Transpovirons are linear plasmids in a girus. Based on the phylogenetic analysis of the helicase domain the discoverers of PLVs (Polinton Like Viruses) concluded that transpovirons evolved from PLV via the loss of several genes including those encoding the morphogenetic module proteins. https://en.wikipedia.org/wiki/Transpoviron.
Polintons were the first group of eukaryotic double-stranded DNA viruses to evolve from bacteriophages and that they gave rise to most large DNA viruses of eukaryotes and various other selfish genetic elements. https://www.nature.com/articles/nrmicro3389 .
The Mavirus shows by far the closest affinity with the Polintons among the currently known viruses, and accordingly, it has been proposed that the Polintons evolved from the virophages. https://virologyj.biomedcentral.com/track/pdf/10.1186/1743-422X-10-158. (Virophages, such as Sputnik, are even smaller viruses that use the machinery of giant viruses to replicate).

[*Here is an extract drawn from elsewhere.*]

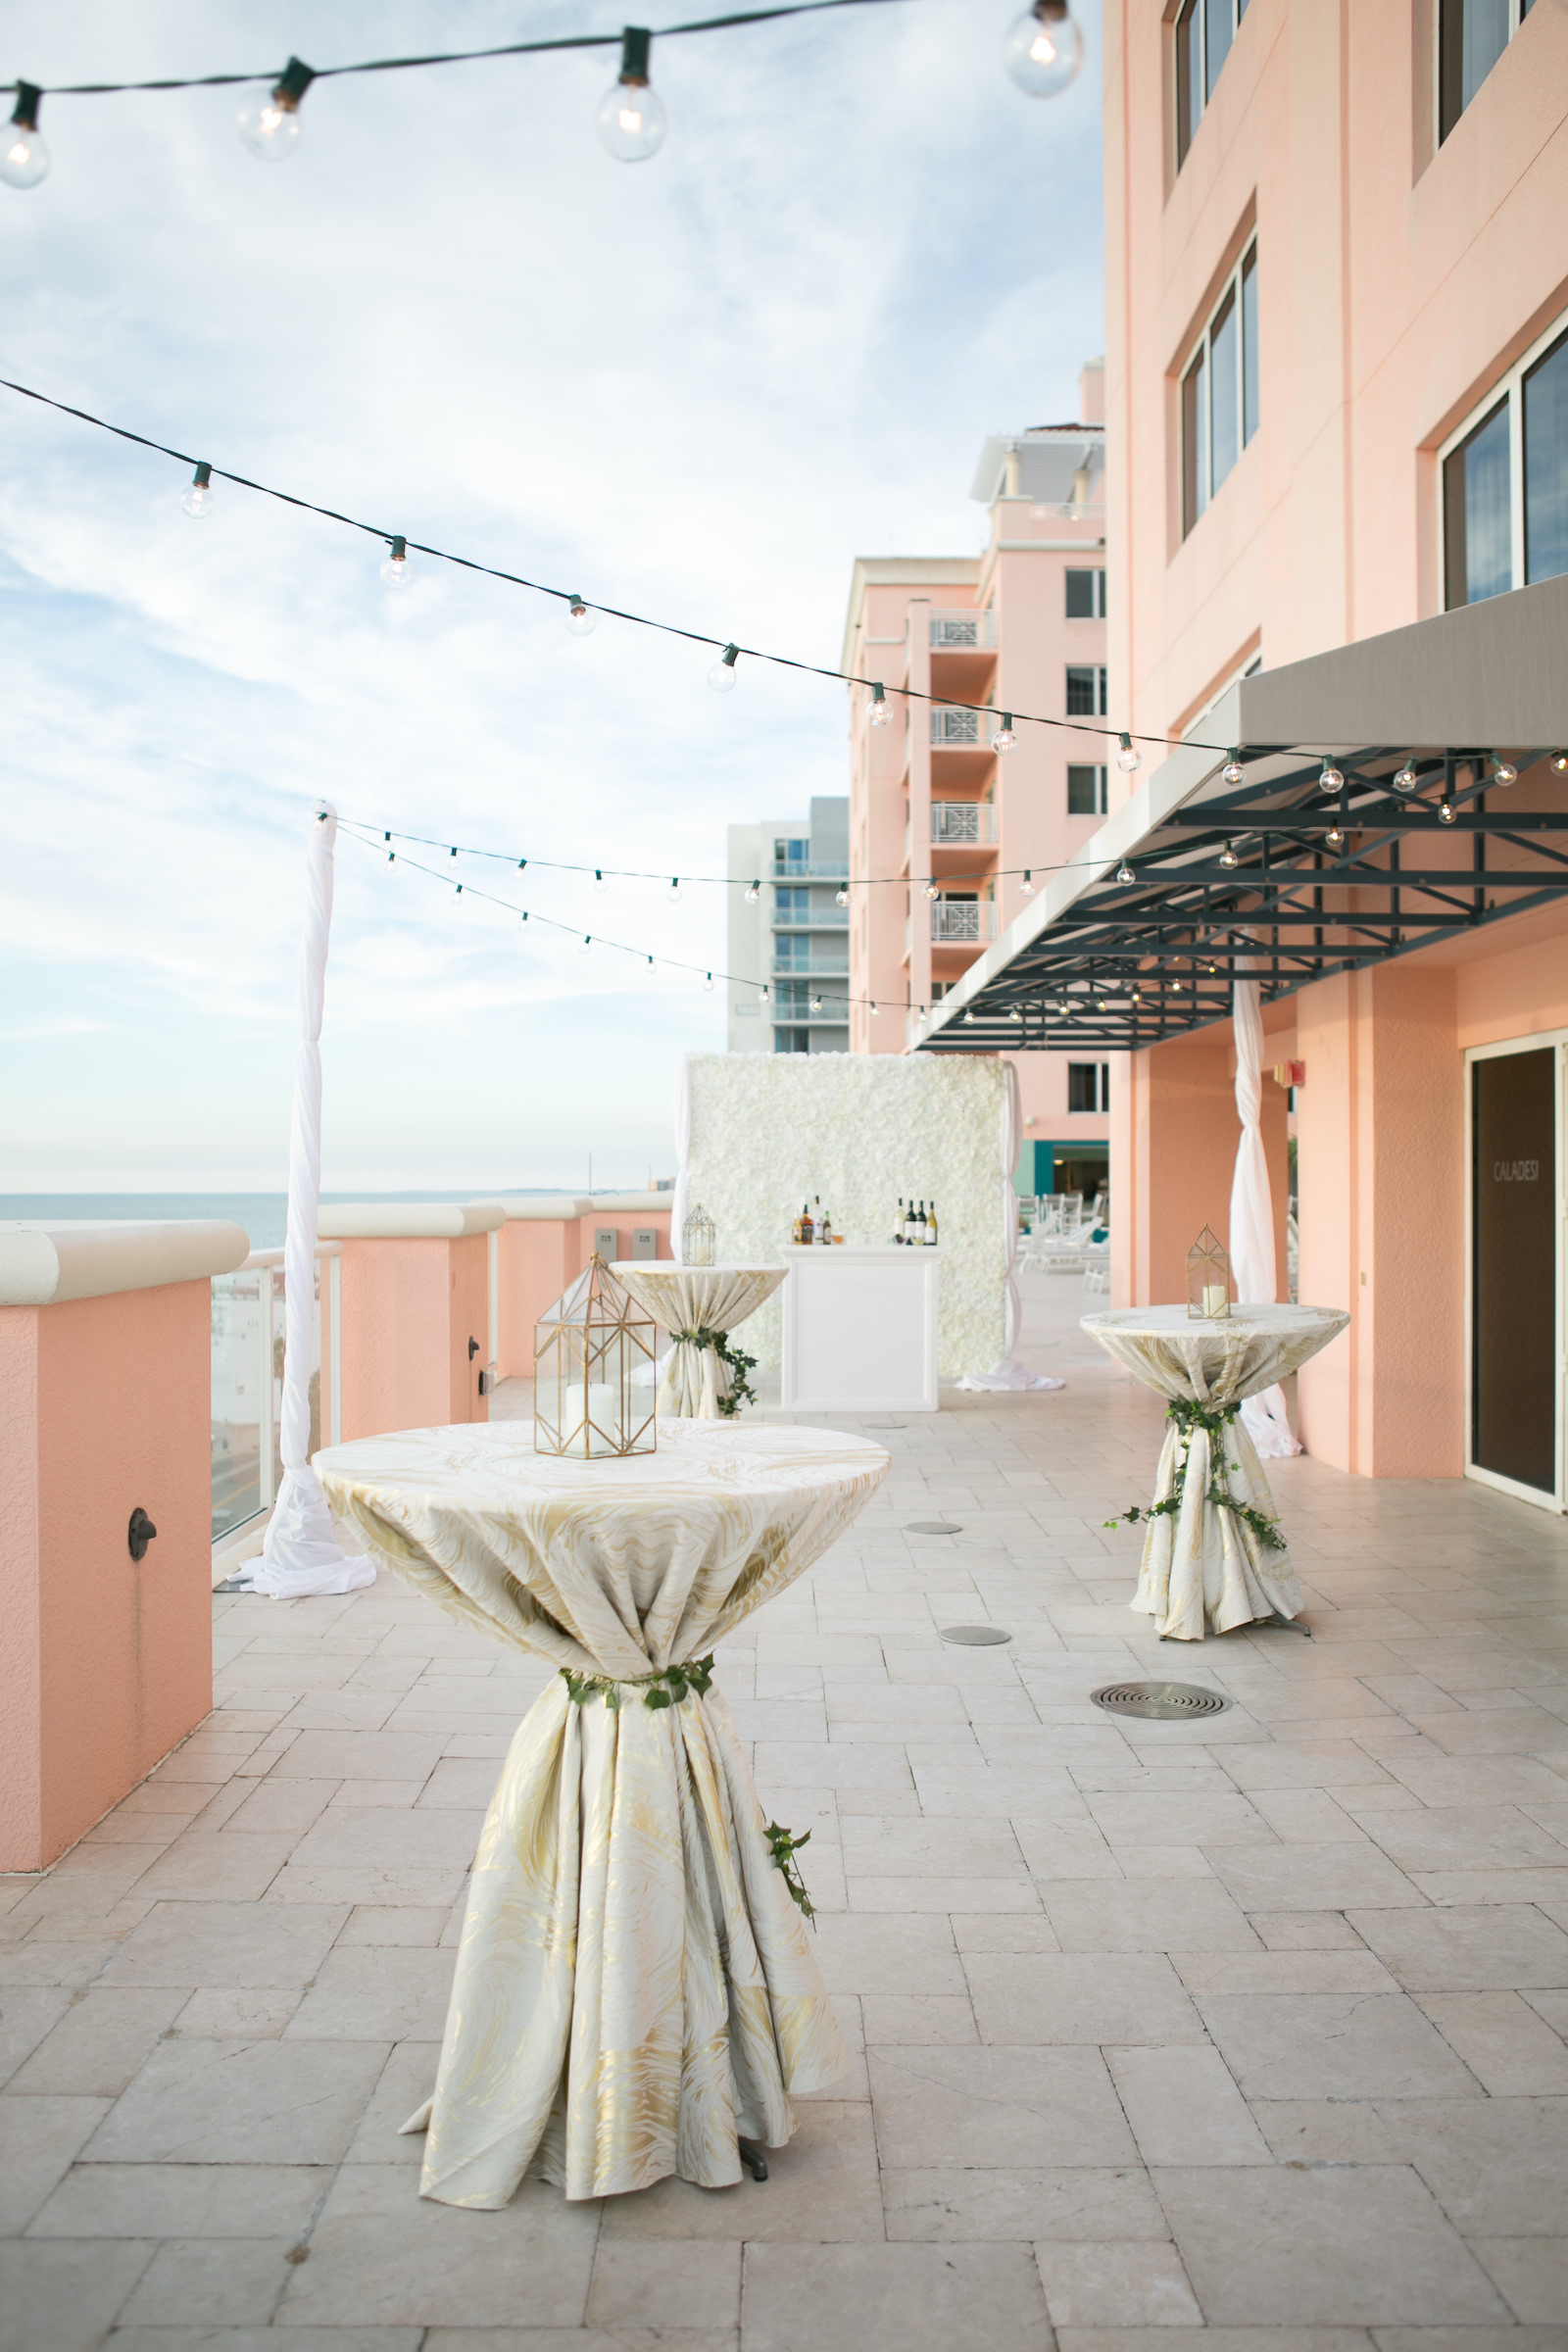 Modern Elegant Hotel Balcony Waterfront Wedding Venue Hyatt Regency Clearwater Beach, Cocktail Hour Wedding Decor, Tall Round Tables with Neutral Linens, Greenery and Lantern | Tampa Bay Wedding Planner Coastal Coordinating | Wedding Rentals Outside the Box | Wedding Photographer Carrie Wildes | Wedding Planner Coastal Coordinating

Also, the origin of viral replicative modules seems likely to hark all the way back to the precellular era. At that stage, some of these primordial replicators coalesced and gave rise to the first cellular genomes, whereas others became genetic parasites. Conceivably, however, such parasites gave rise to true viruses only after the emergence of cells.https://www.ncbi.nlm.nih.gov/pmc/articles/PMC5373398/

This leads me to ask a few other questions:

1) From virus to host genome, or vice versa?
Why scientists argue whether transposons in our genome came from viruses, but not the other way around?
https://link.springer.com/article/10.3103/S0891416818040067
Same with polydnavirus of wasps, two proposals have been advanced for how the wasp/virus association developed. The first suggests that the virus is derived from wasp genes.
https://en.wikipedia.org/wiki/Polydnavirus

2) Girus machinery
The transposon 'Alu' is a SINE (Short Interspersed Nuclear Element).
Most SINEs do not encode any functional molecules and depend on the machinery of active L1 elements (L1 = LINE, or Long Interspersed Nuclear Element) to be transposed; that is, copied and pasted in new locations. https://www.biology-pages.info/T/Transposons.html
The virophages do not have the necessary enzymes to replicate on their own. Virophages use the giant viral replication machinery to replicate their own genomes and continue their existence. https://en.wikipedia.org/wiki/Virophage
What exactly is this girus machinery?

3) Transposase clean-up
What happens to transposase after a transposon has been inserted? How is it cleaned or get rid of?
And 'composite transposons' have two Transposase genes on each side. Which one is used for replication?

4) Transduction
Does 'transduction' always involve a plasmid moving through a pilus? Or does genetic material also flow from one bacterium to the other (through budding off?) without using a pilus, but simply a plasmid flowing through the empty space between two bacteria (just like the autoinducers in quorum sensing)?
And does a transposon on a plasmid of a donor bacterium go to the plasmid of the recipient, and then from that second plasmid to the recipient bacterium, or does that initial plasmid go directly to the bacterial genome?

5) Heterochromatin
Many noncoding genetic material (such as transposons) are located on the heterochromatin region of a chromosome (although not all of it, such as MITEs, which are located in the euchromatin region). But I'm a bit confused, is heterochromatin a part of a chromosome, or a location in the nucleus? Images on the web show that heterochromatin is the (outer) location inside nucleus, but also the centromeric (inner) region on a chromosome https://geneticeducation.co.in/role-of-transposons-in-evolution/. So if the centromere (and telomeres) part of the chromosome lie closer to the center of the nucleus (euchromatin), closer to the nucleolus, and the midpoint of all 4 arms lie more to the center of the nucleus that its outer parts, does this mean then that chromosomes don’t have their recognizable X-shape?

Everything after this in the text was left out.